Propagation Effects Correction: Apply corrections for propagation effects, such as Time-Varying Gain (TVG) and insonified area adjustments, to account for variations in signal strength due to distance and angle.
Physical Properties Correction: Correct for physical factors like beam pattern distortions and apply dB offset calibration values to standardize the backscatter measurements.
Angular Dependence Removal: Address angular dependence by applying methods such as averaging, setting window sizes, and defining reference angles to minimize distortions related to the sonar's viewing angle.
Pre-Mosaicking Adjustments: Implement pre-mosaicking steps like anti-aliasing and despeckling to reduce noise and prepare the data for seamless integration.
Mosaicking: Create the backscatter mosaic by selecting grid size, choosing the appropriate operation and blending methods, and applying post-mosaicking enhancements to refine the final product.

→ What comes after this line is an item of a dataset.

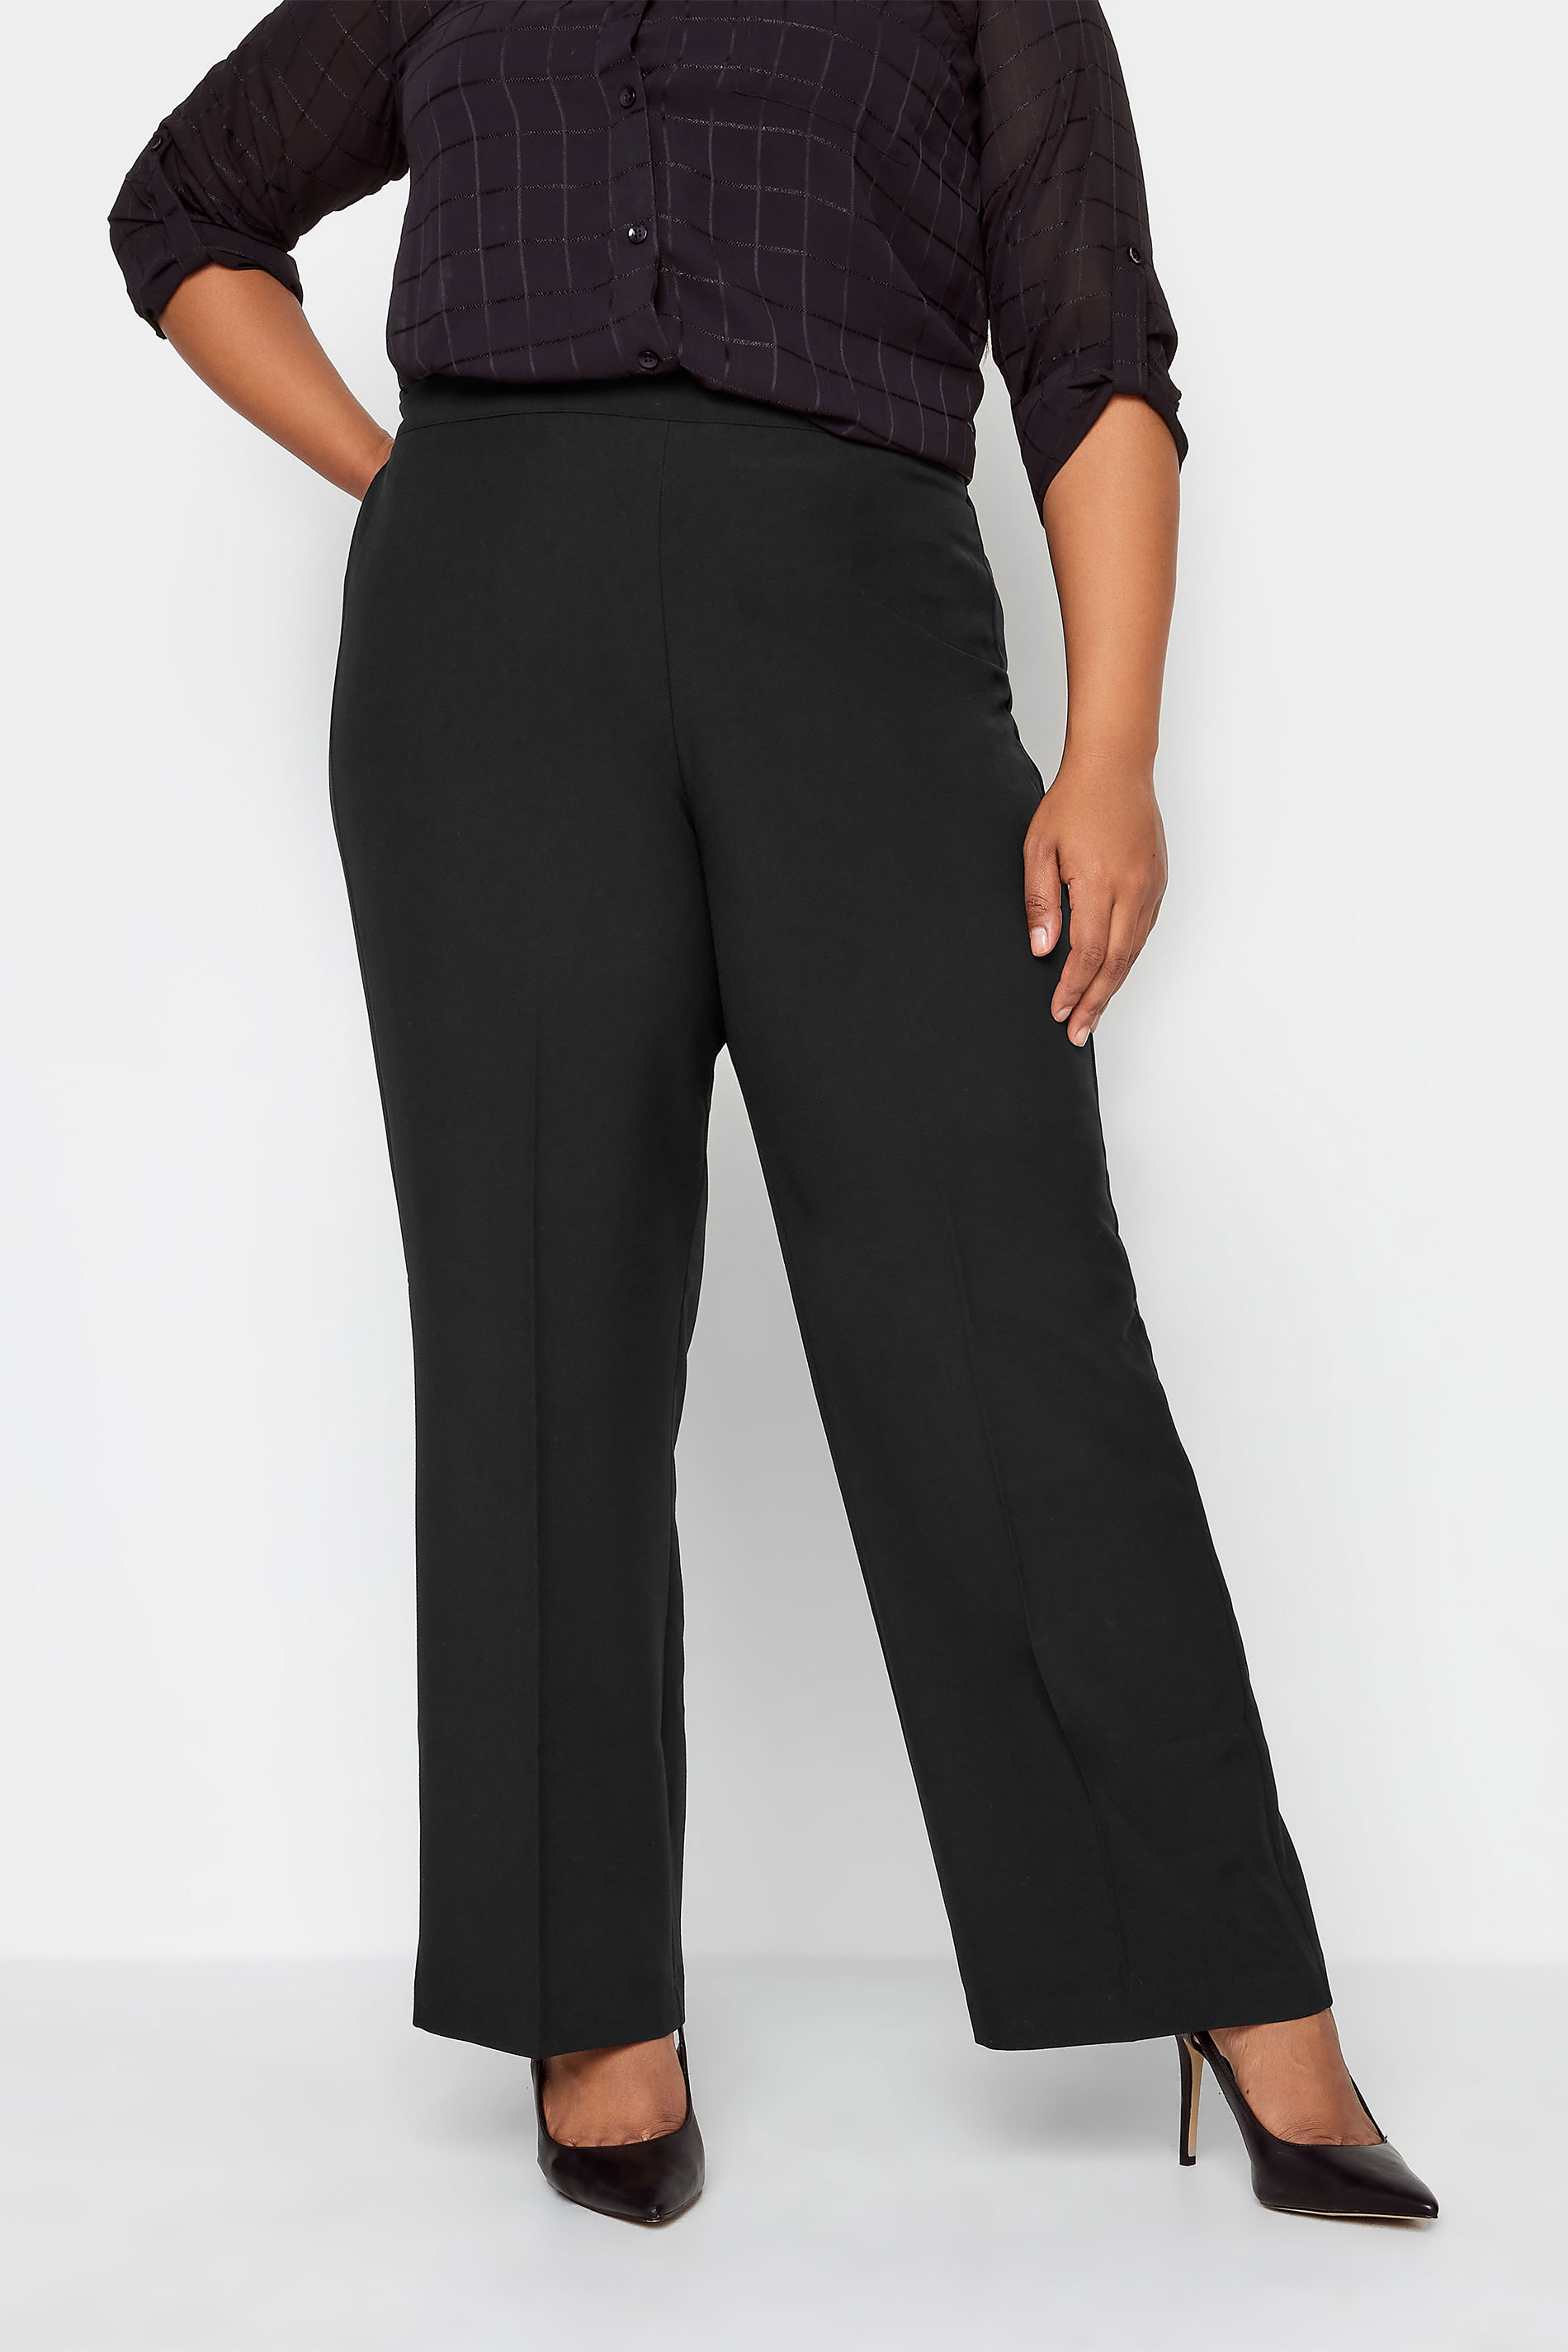 Plus Size Black Elasticated Stretch Straight Leg Trousers | Yours Clothing 1

L3 MBES Backscatter Product: The final L3 MBES backscatter grid, which integrates all corrections and adjustments to produce a high-quality backscatter mosaic ready for analysis.
Depending on the software, the first 4 or 5 steps may have already been completed for systems that retain L2 MBES backscatter, eliminating the need to repeat them. However, for software that does not retain L2 MBES backscatter, all 6 processing steps are required.
[1] Based on NOAA’s, AHO’s HIPP and correspondences with Dr Calder.
[2] 20.707xGrid_Resulution (NOAA, 2014; HIPP version 1.2).
[3] HIPP version 1.2 and NOAA (2014).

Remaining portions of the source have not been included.